§ Assignment
Please write out the listing exactly, leaving each picture out.

§ Available data
---

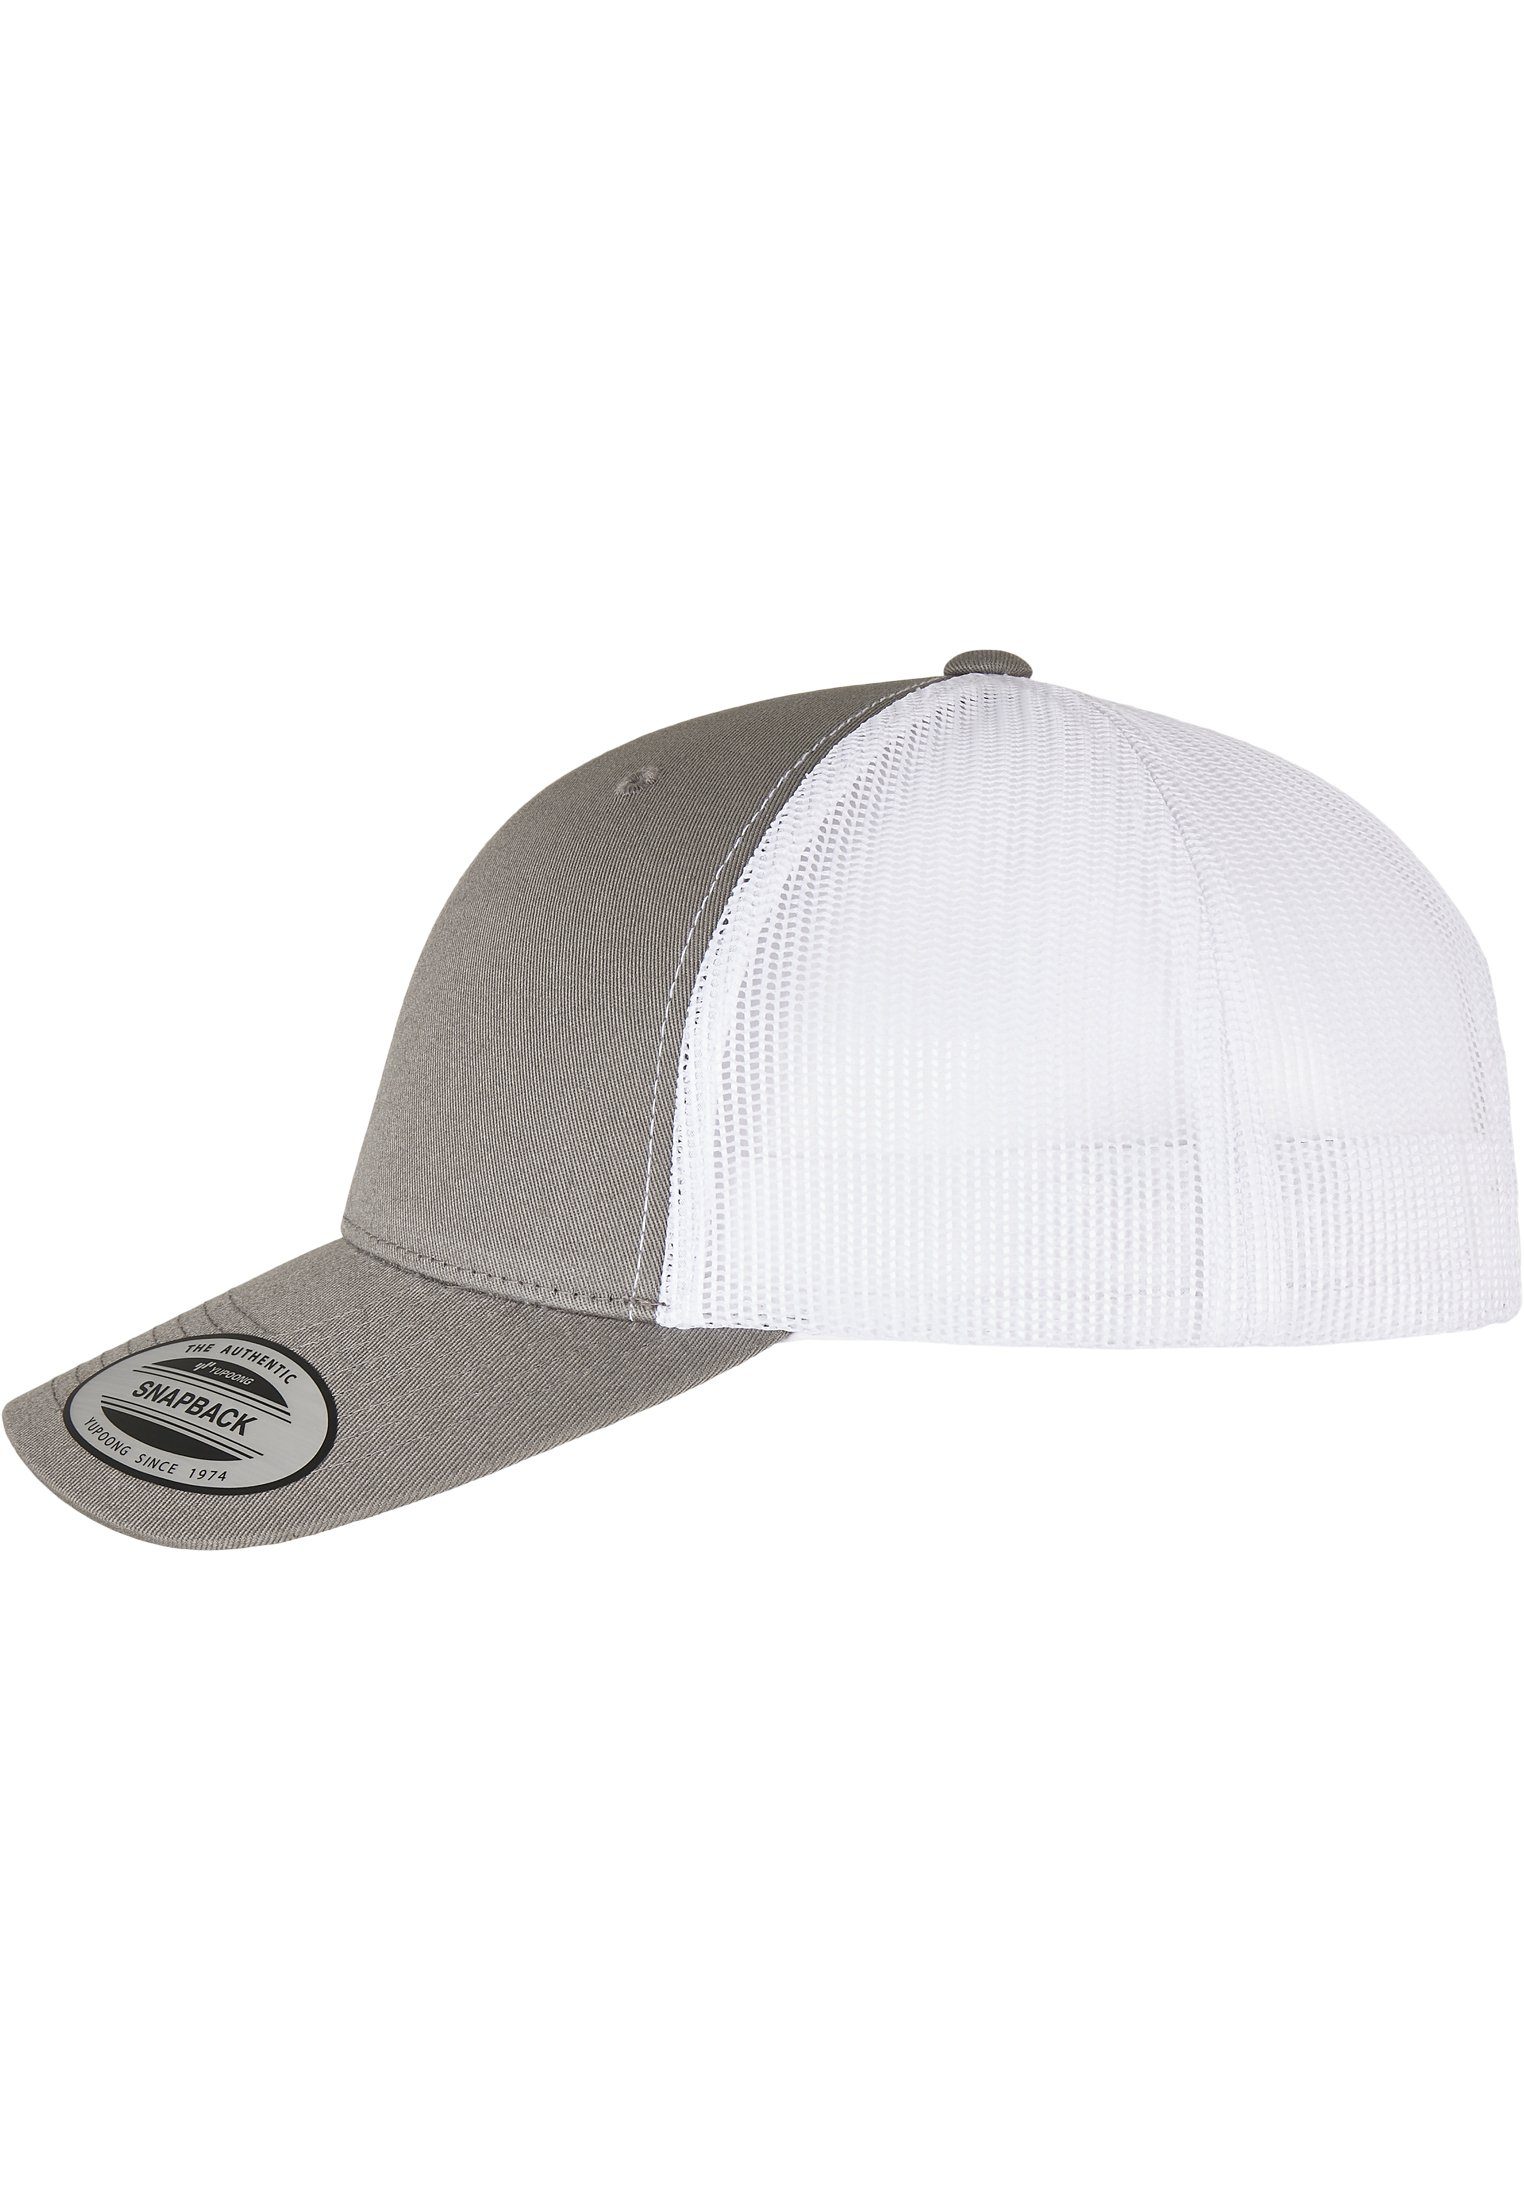 2-TONE grey/white RETRO RECYCLED CLASSICS Flex Caps CAP Cap TRUCKER Flexfit YP
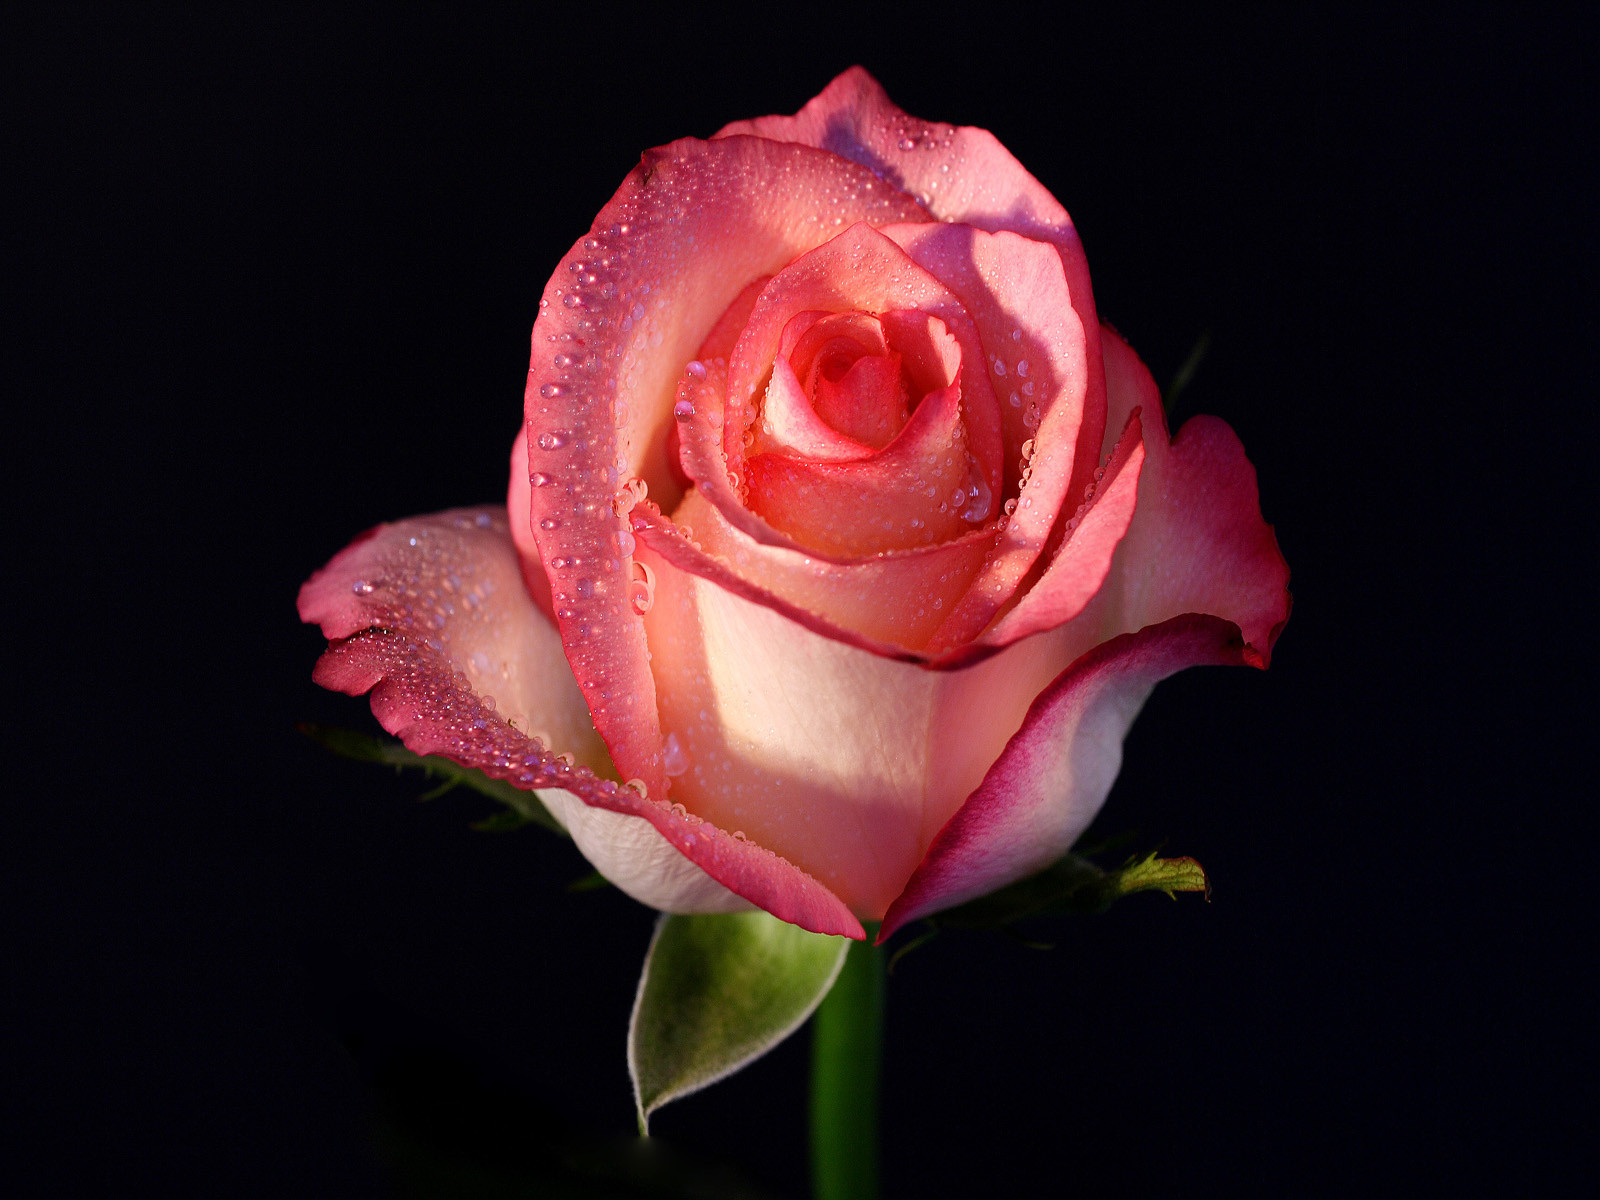 Rose flower images free download hd Download
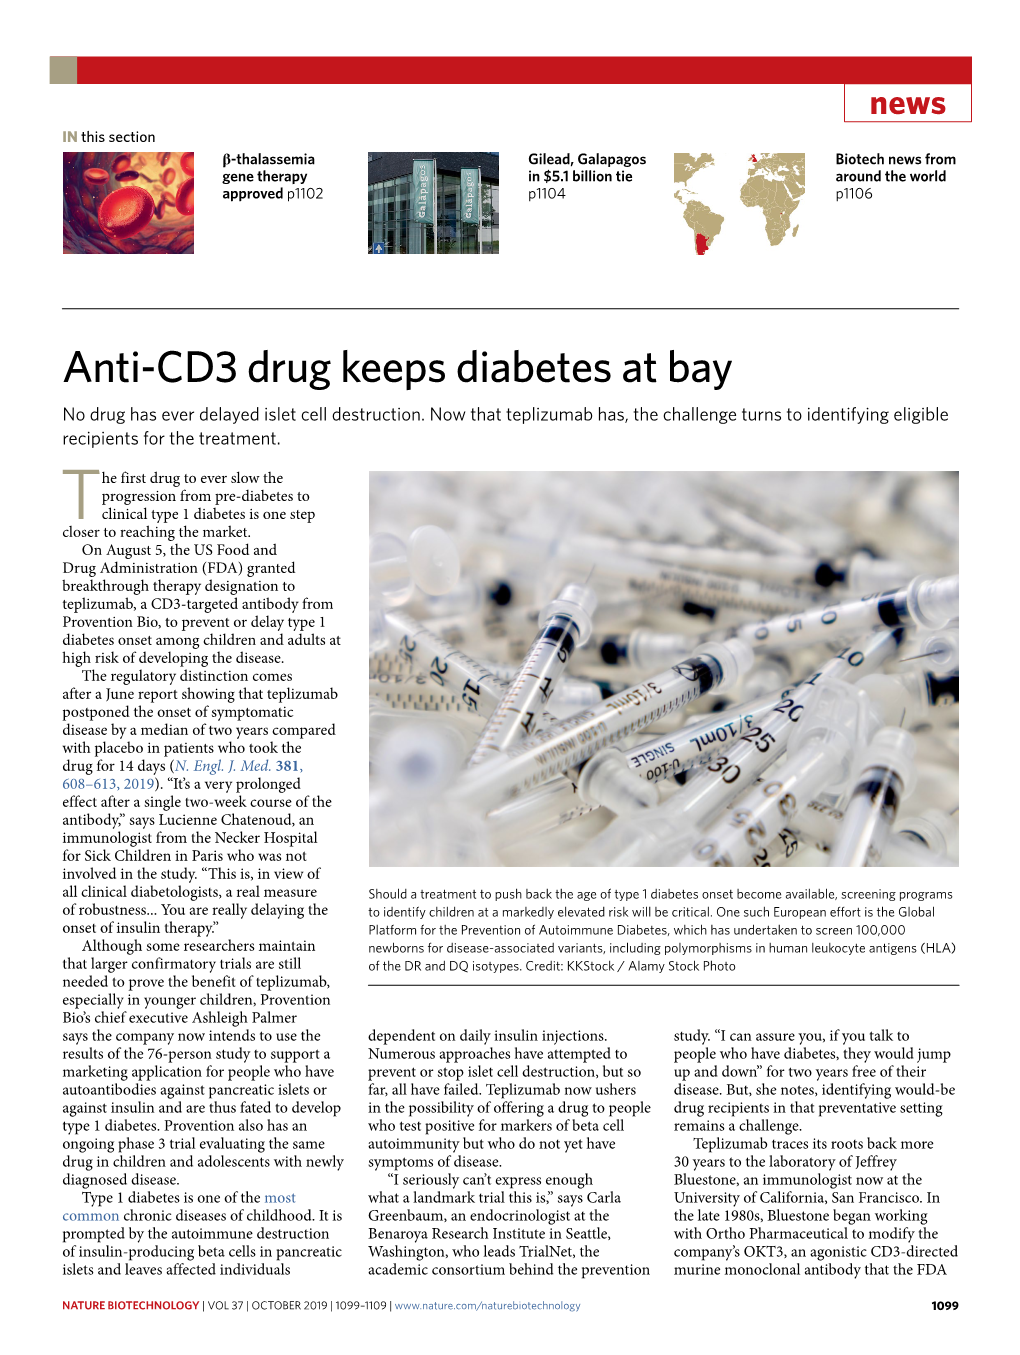 Anti-CD3 Drug Keeps Diabetes at Bay No Drug Has Ever Delayed Islet Cell Destruction

---

§ Your solution
 2-TONE grey/white RETRO RECYCLED CLASSICS Flex Caps CAP Cap TRUCKER Flexfit YP
 Rose flower images free download hd Download
 Anti-CD3 Drug Keeps Diabetes at Bay No Drug Has Ever Delayed Islet Cell Destruction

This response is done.